John Rochester (martyr) facts for kids
John Rochester, O.Cart (c. 1498–1537) was an English Catholic priest, Carthusian monk and martyr. He was hanged at York for refusing to concede King Henry VIII's supremacy over the church.
Contents
Background
The government was at first anxious to secure the public acquiescence of the monks of the London Charterhouse regarding royal supremacy in ecclesiastical matters, since for the austerity and sincerity of their mode of life they enjoyed great prestige. Having failed in this, the only alternative was to annihilate the resistance since a refusal engaged the prestige of the monks in the opposite sense. On 4 May 1535 the authorities sent to their death at Tyburn Tree three leading English Carthusians, John Houghton, prior of the London house, Robert Lawrence and Augustine Webster, respectively priors of Beauvale and Axholme. Little more than a month later, it was the turn of three leading monks of the London house: Humphrey Middlemore, William Exmew and Sebastian Newdigate, who were to die at Tyburn Tree on 19 June. This process of attrition was to claim as its victims no less than fifteen of the London Carthusians.
Life
John was the third son of John Rochester, of Terling, Essex, and Grisold Writtle, daughter of Walter Writtle, of Bobbingworth. He was the brother of Sir Robert Rochester, Comptroller of the Household and a member of the Privy Council under Queen Mary.

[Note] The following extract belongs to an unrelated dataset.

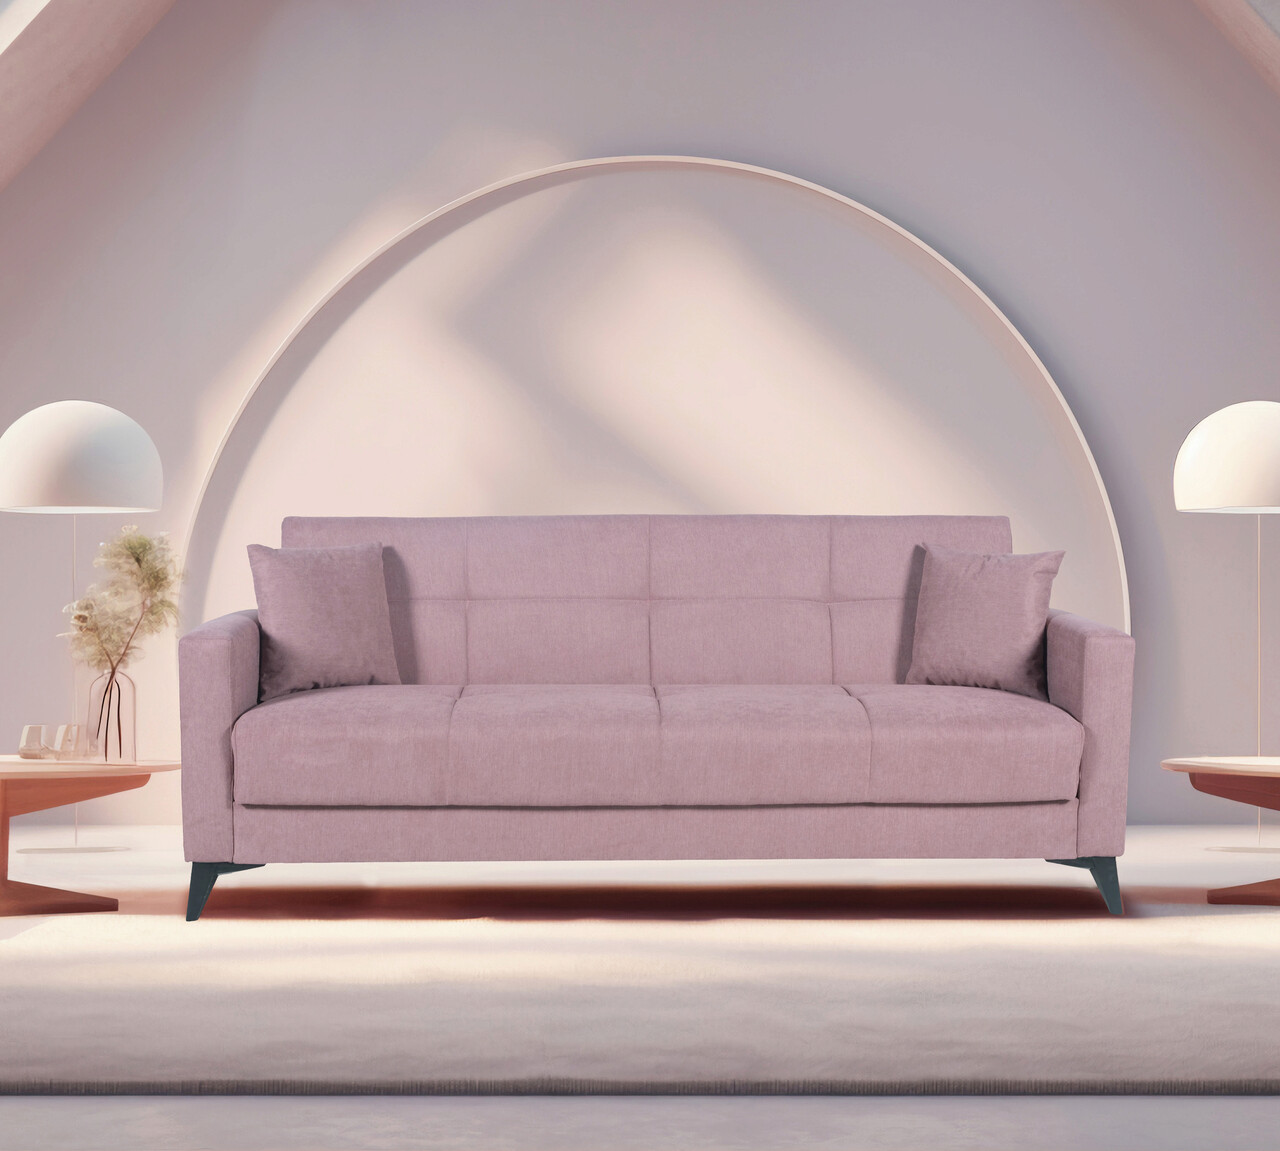 Bedora fabio kihúzható kanapé, 3 személyes, 215x82x92 cm, lila

He joined the Carthusians, was a choir monk of the Charterhouse in London, and strenuously opposed the new doctrine of the royal supremacy.

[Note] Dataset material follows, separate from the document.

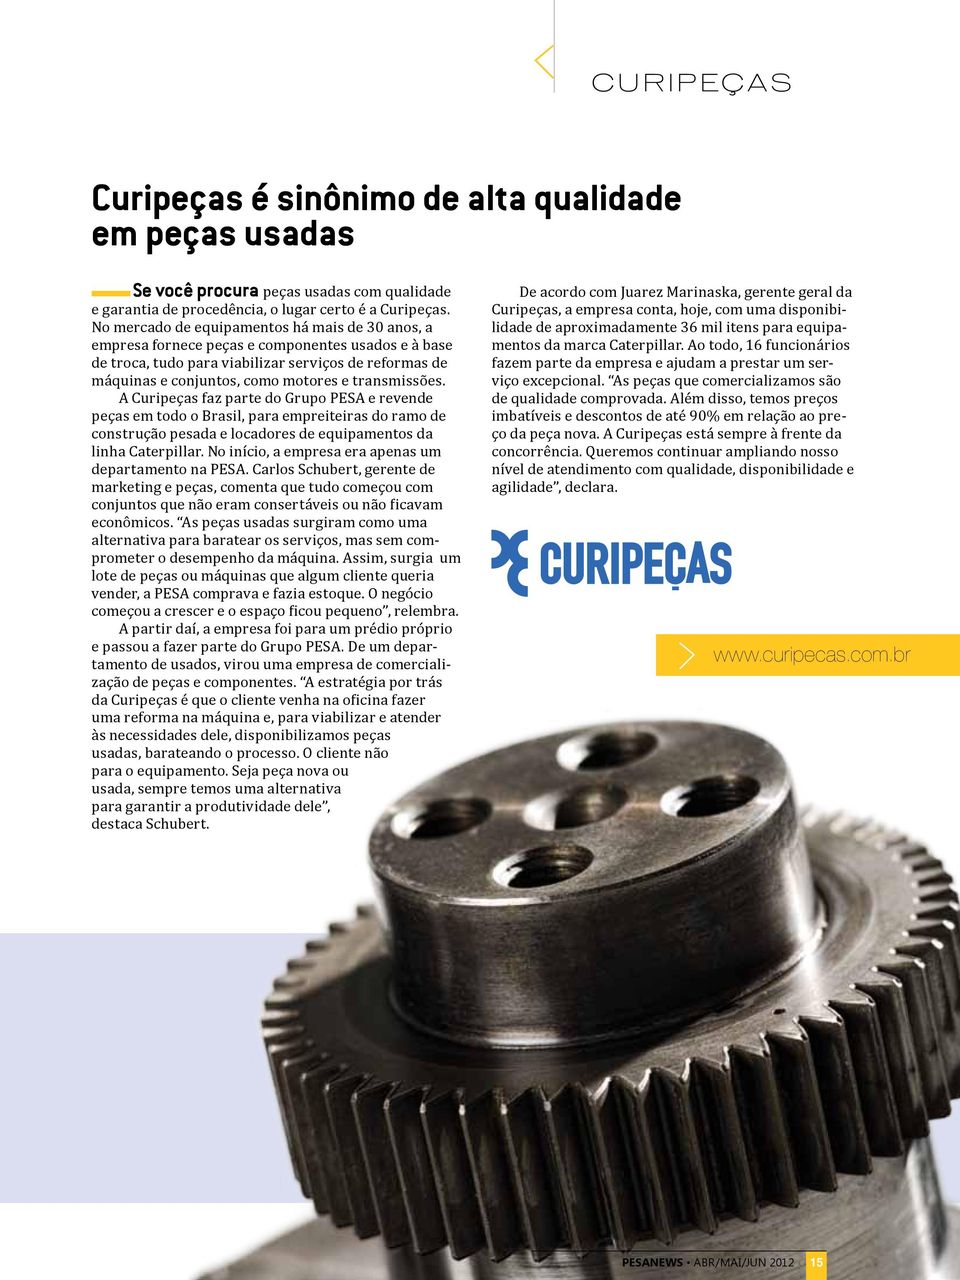 transmissões. A Curipeças faz parte do Grupo PESA e revende peças em todo o Brasil, para empreiteiras do ramo de construção pesada e locadores de equipamentos da linha Caterpillar.

Four more monks of the London community were seized; two being taken to the Carthusian house at Beauvale in Nottinghamshire, while Dom John Rochester and Dom James Walworth were taken to the Charterhouse of St. Michael in Hull, Yorkshire.
Pilgrimage of Grace
That autumn, the government had just succeeded in putting down a rising in Lincolnshire, when on 13 October 1536, the far more serious Pilgrimage of Grace broke out, mustering an enormous multitude of adherents, perhaps as many as 40,000. This time, having dealt with the problem, the government was desperate to stamp out any centres of resistance. Since one of the flashpoints had been the Northern capital of York, it was necessary for the government to mount a lesson in the city.
Executions
The two London monks were brought from Hull to York and brought before the Lord President of the North, the Duke of Norfolk, on trumped up treason charges. Condemned to death, they provided the desired menacing spectacle for the city when on 11 May 1537 both were hanged and their bodies hung in chains from the city battlements until they fell to pieces.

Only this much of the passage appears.